Fortunately, and I was not prepared for this, biking across Paris is a dazzling dream made up of plentiful bike lanes, famous architecture, and soft-spoken French automobiles. But best of all, was riding the Parisian bike share system’s e-bike in the city’s many shared bike/transit/taxi lanes.
As an employee of Biketown, I know our bike system. I know how to zip from northeast Mississippi to the South Waterfront while almost never rolling outside a designated bike lane. I am a lover of our bike lanes and our bike share system, but holy-moly we ain’t seen nothing yet.
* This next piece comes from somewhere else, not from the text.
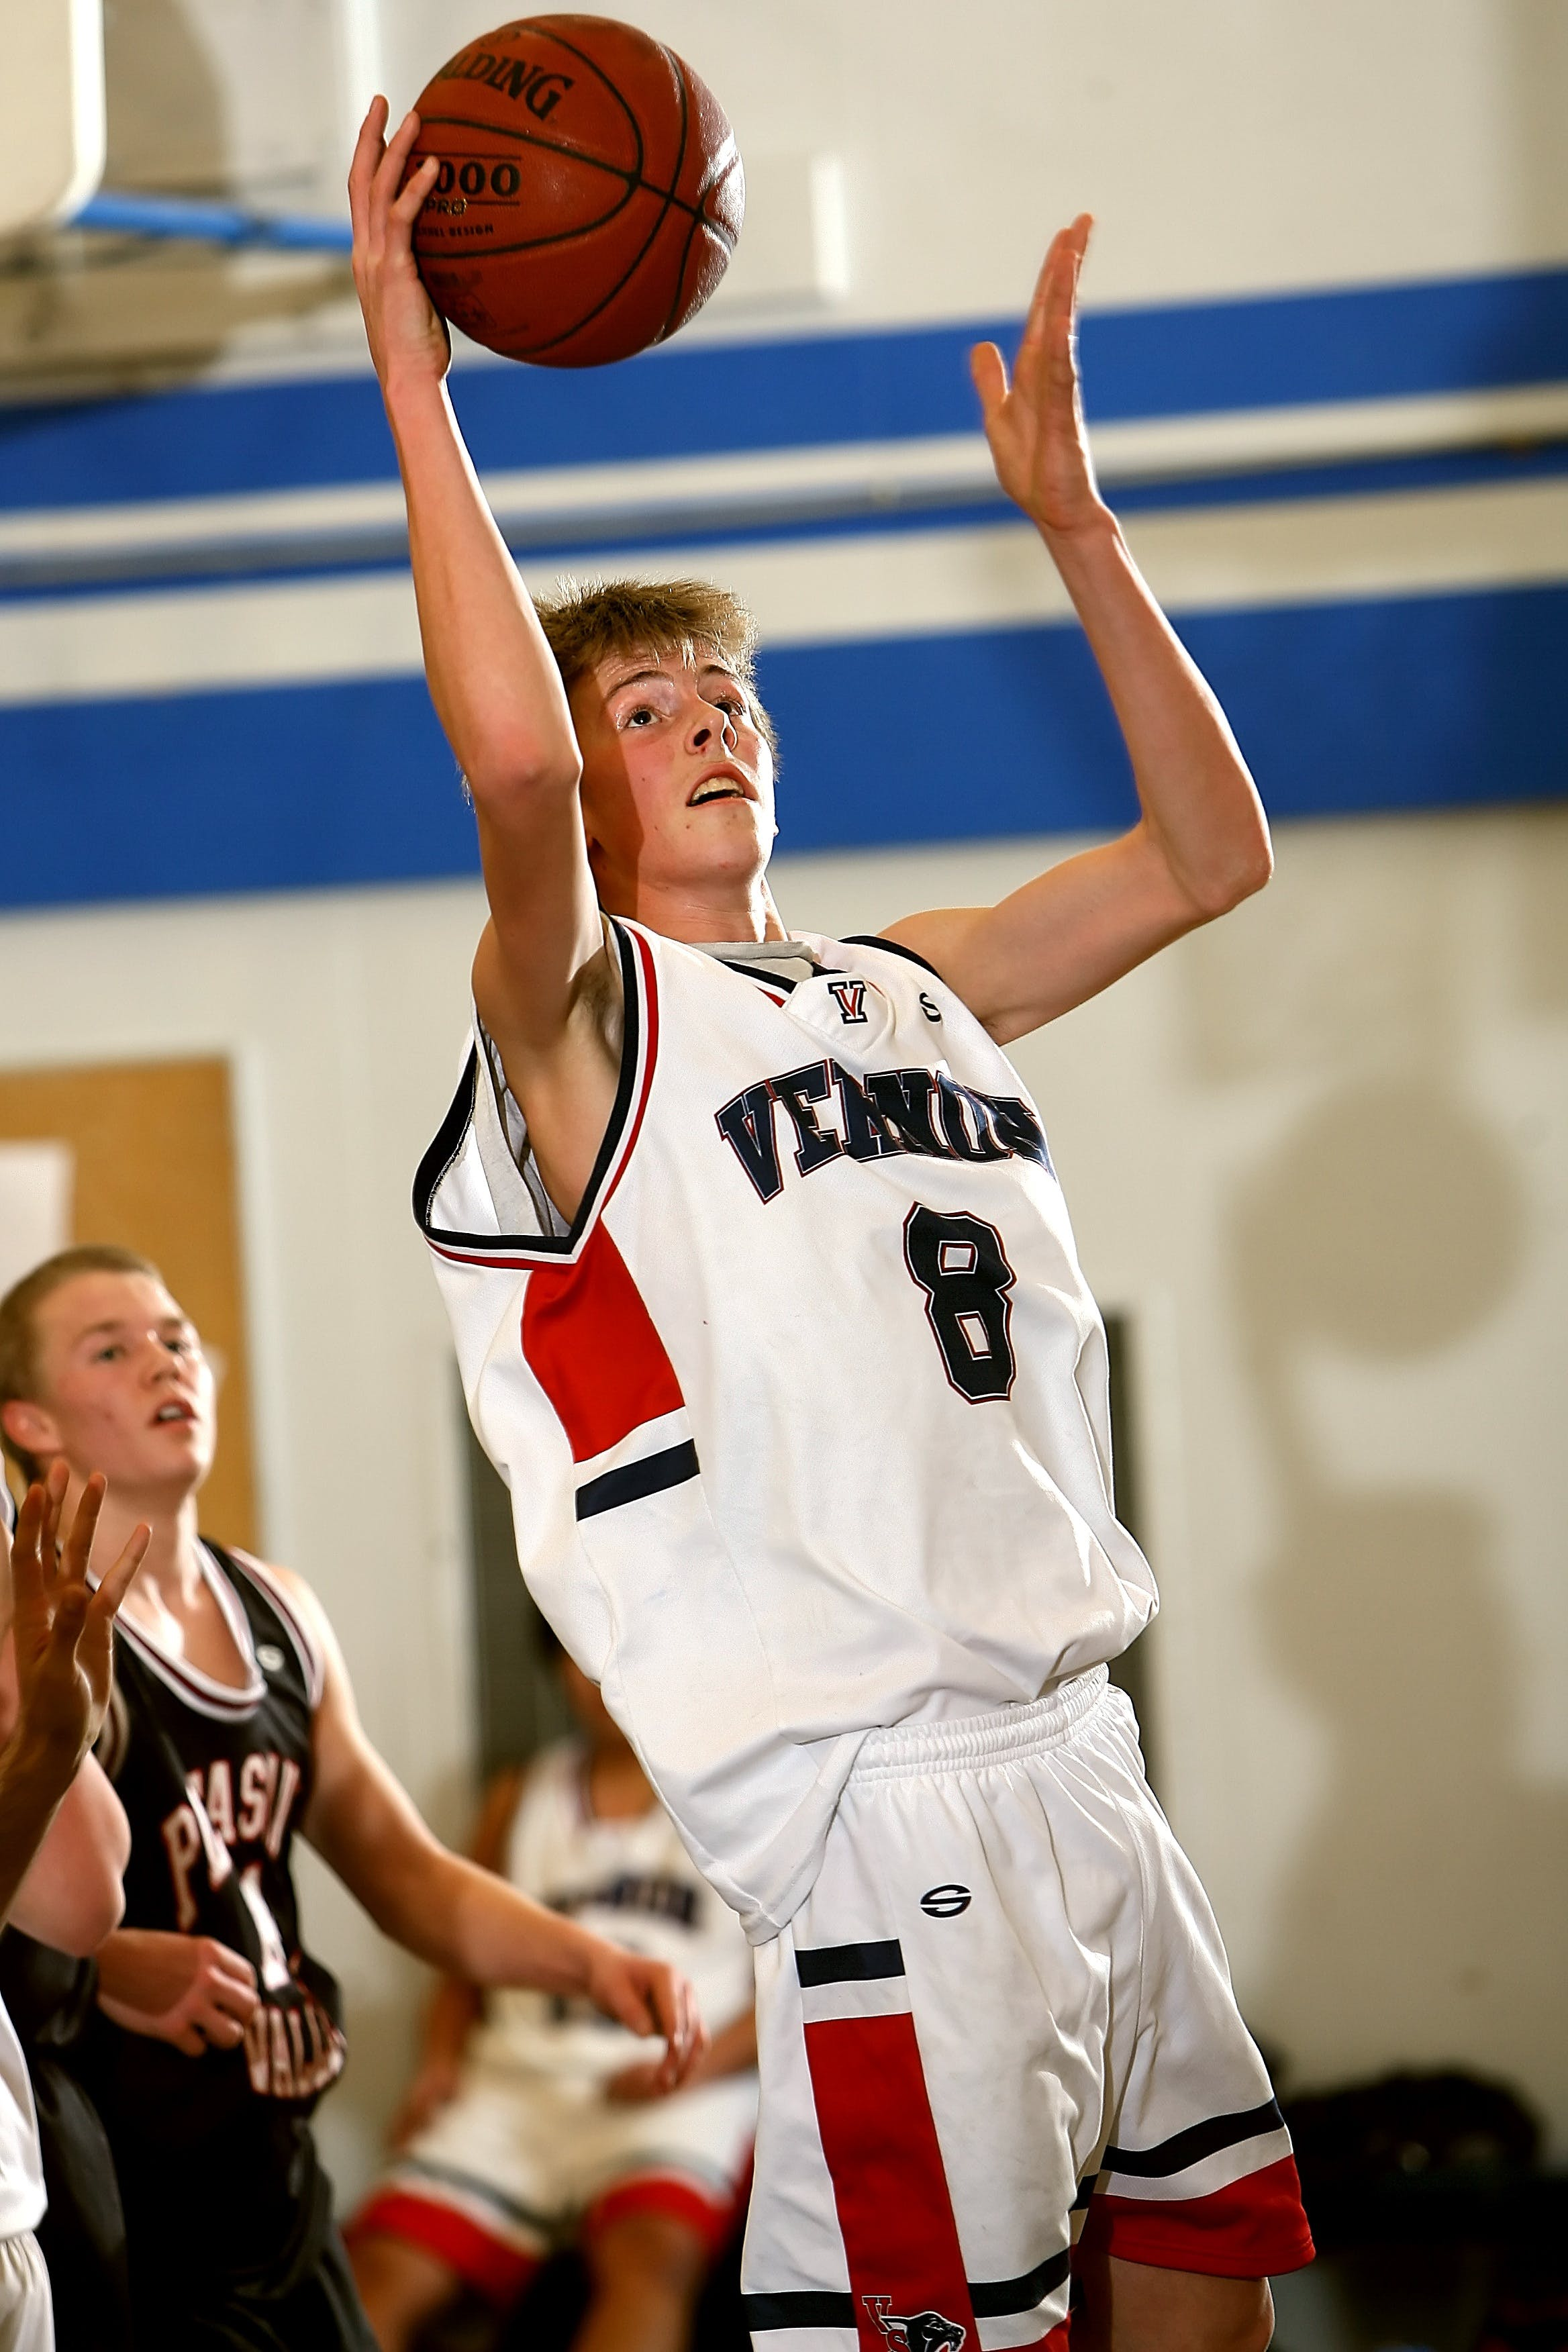 Free stock photo of sport, ball, tall, jump

It’s not hard to imagine the benefits of an e-bike — no distance is too far, no hill to steep, and no sweaty armpits when you get to your destination. Yet having superbikes, which are expected to come to Biketown next year, only addresses half of what makes a bike system great. The other half is bike infrastructure that makes biking (and all micro-mobility vehicles for that matter) as appealing as driving. Paris accomplishes the second feat by dedicating entire lanes on crucial streets across the city to bus, taxi (but not Lyft or Uber), bike, and e-mobility (scooters mostly) riders.
At first glance, that did not seem like a good idea. I was terrified of ending up in front of a flustered cabbie or, infinitely worse, under the wheel of a bus. Then I realized something as I darted from landmark to landmark and commercial street to neighborhood alley: I wasn’t sharing the lane with bus drivers because we are the same size or same speed, but because people in cars outnumber us. I wasn’t using bike infrastructure. I was using carfree infrastructure. This is the perspective shift that could allow Portland to provide better transit, better bike, and better e-mobility systems at the same time.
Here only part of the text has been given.